EXERCISE DESCRIPTION: The data below should be copied out exactly, with its pictures omitted.

EXERCISE DATA:

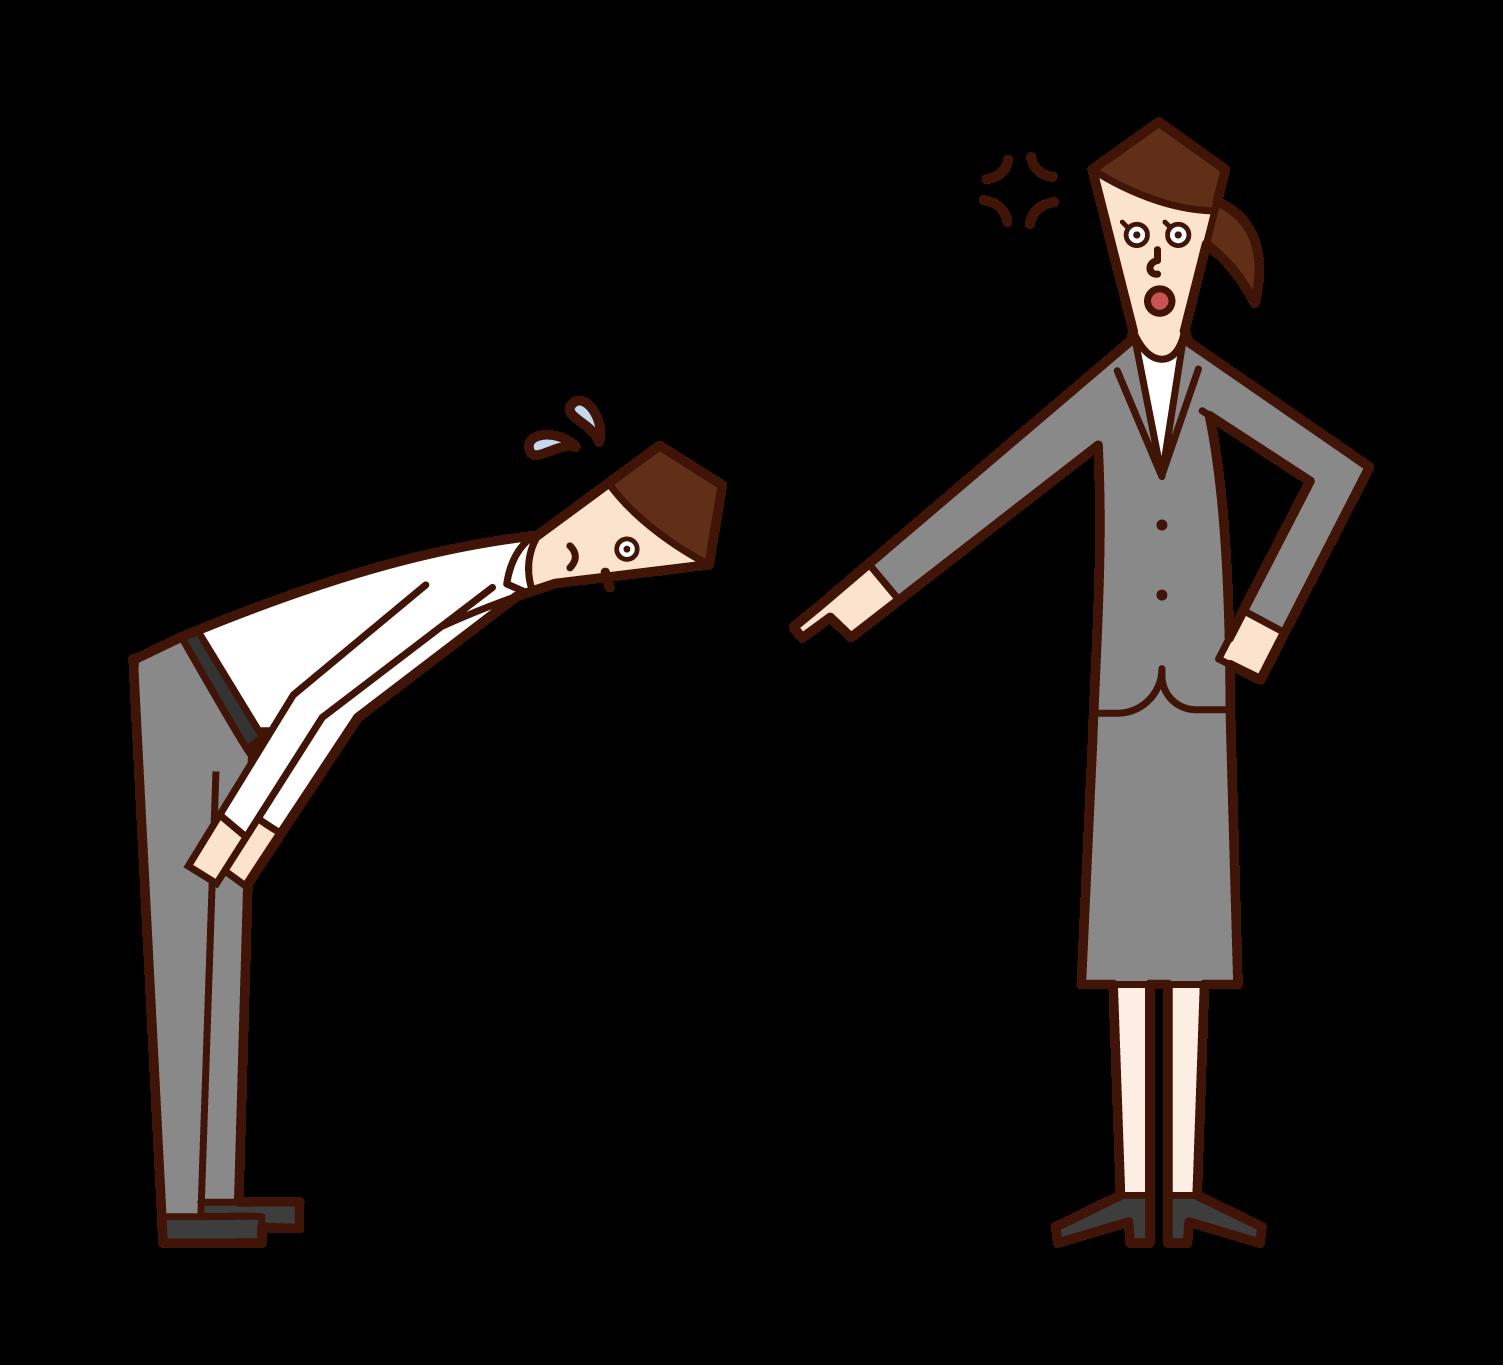 部下を怒る上司(女性)のイラスト
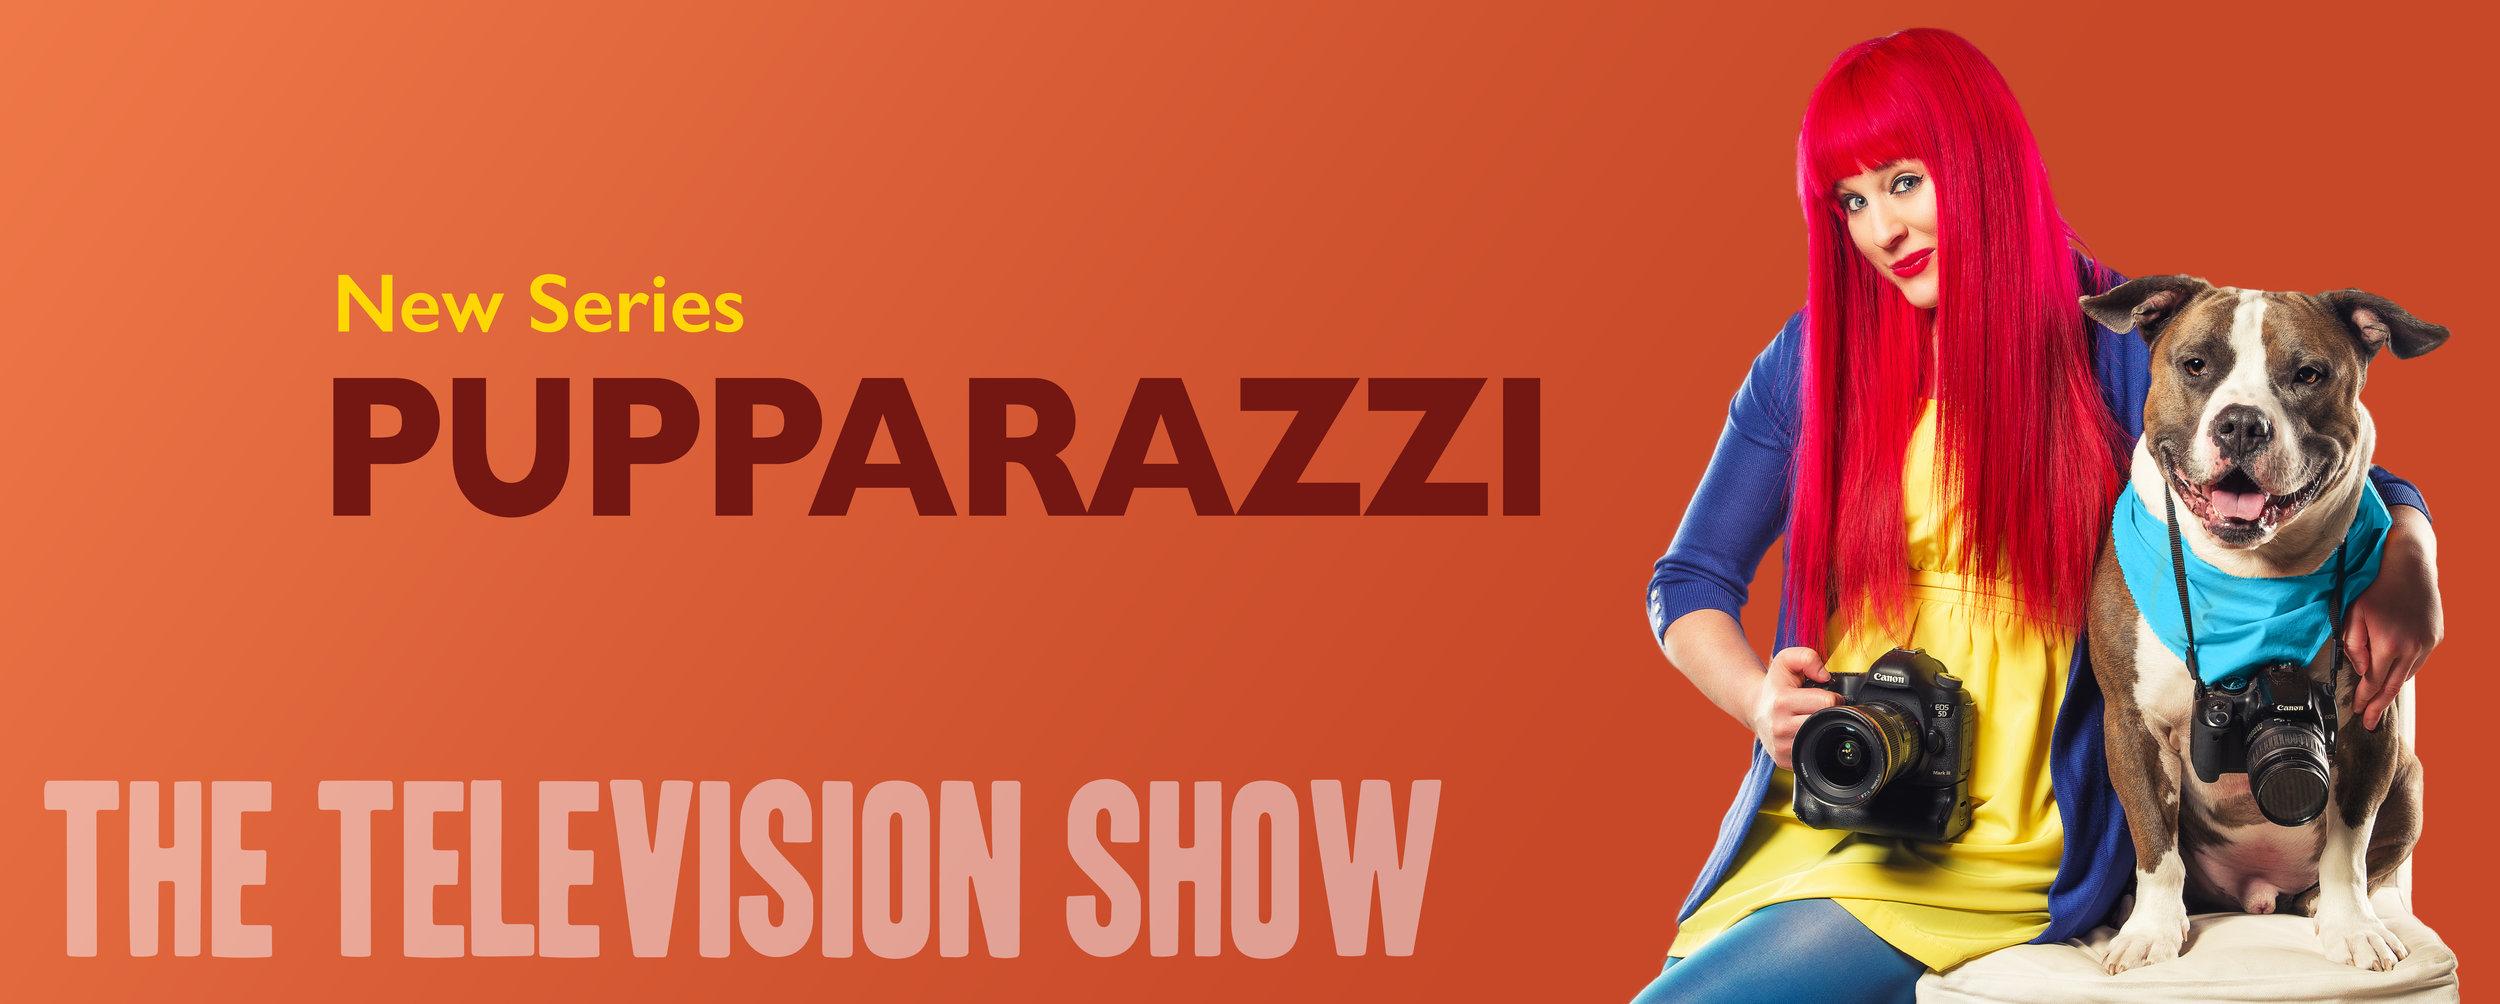 Pupparazzi-Kaylee-Greer.jpg
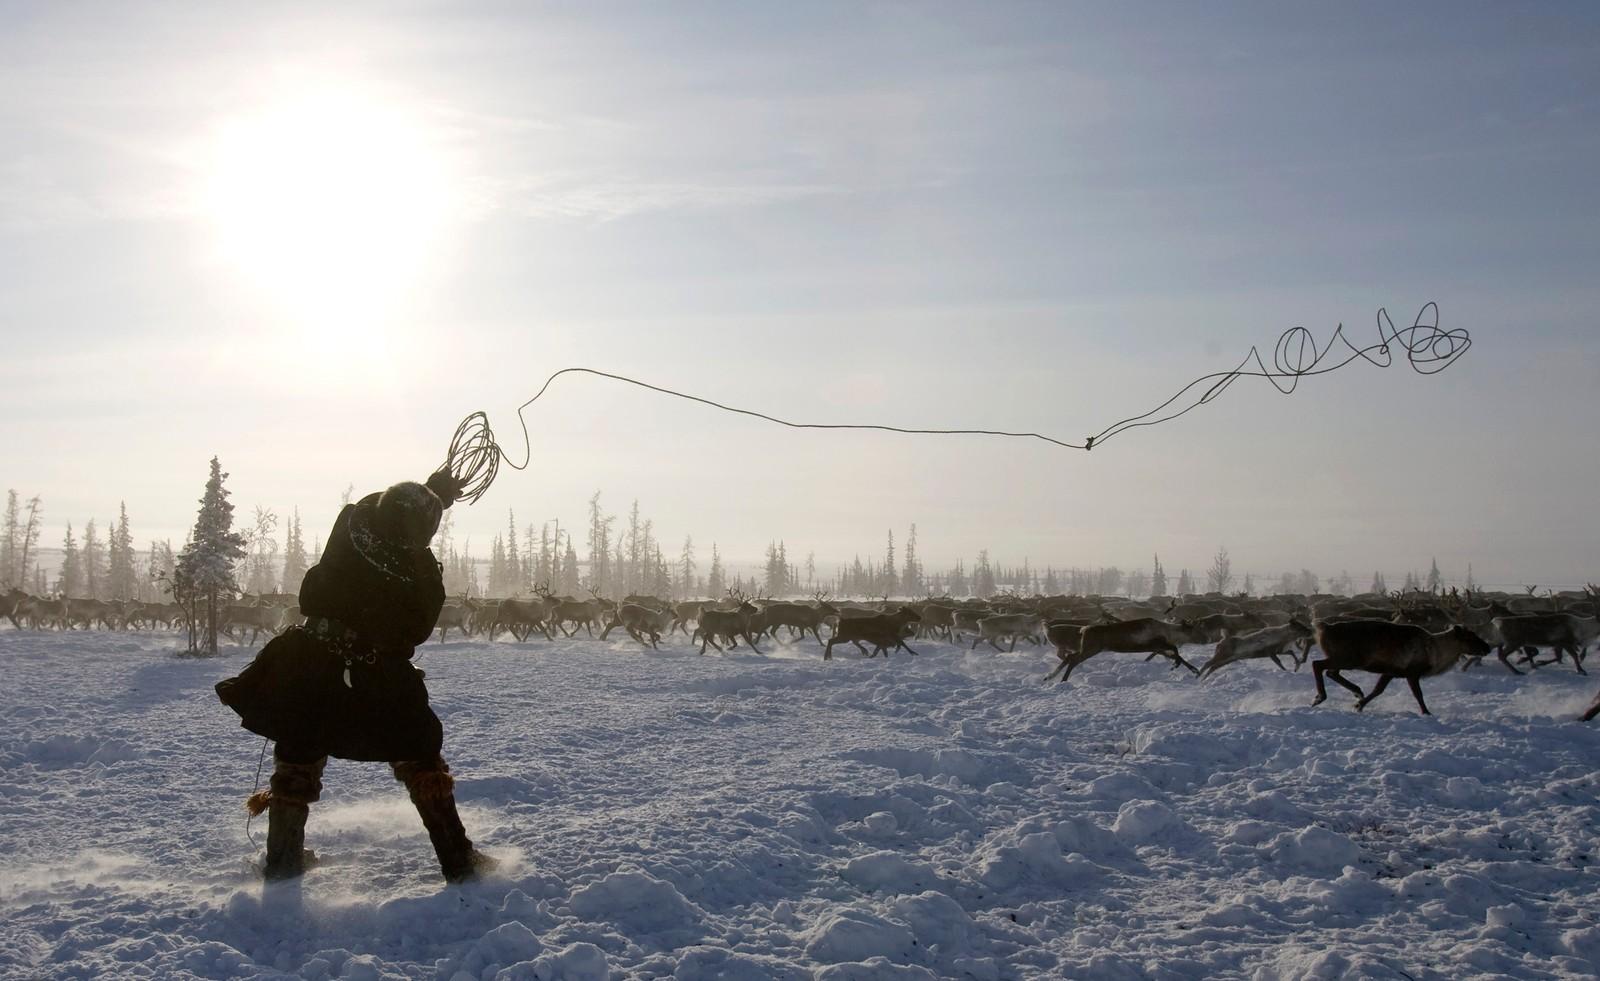 """VERDENS ENDE: Jamalhalvøya er hjemsted for nenetserne og på deres språk betyr """"Jamal"""" verdens ende. Jamalhalvøya har godt bevarte tradisjoner for nomadisk reinsdyrhold. Flere tusen nenetser og khantyer holder om lag 500 000 rein. Noen av de største gassfeltene i Russland ligger i dette området, noen som har skapt konflikter med urbefolkningen."""

WRITTEN SOLUTION:
 部下を怒る上司(女性)のイラスト
 Pupparazzi-Kaylee-Greer.jpg
 """VERDENS ENDE: Jamalhalvøya er hjemsted for nenetserne og på deres språk betyr """"Jamal"""" verdens ende. Jamalhalvøya har godt bevarte tradisjoner for nomadisk reinsdyrhold. Flere tusen nenetser og khantyer holder om lag 500 000 rein. Noen av de største gassfeltene i Russland ligger i dette området, noen som har skapt konflikter med urbefolkningen."""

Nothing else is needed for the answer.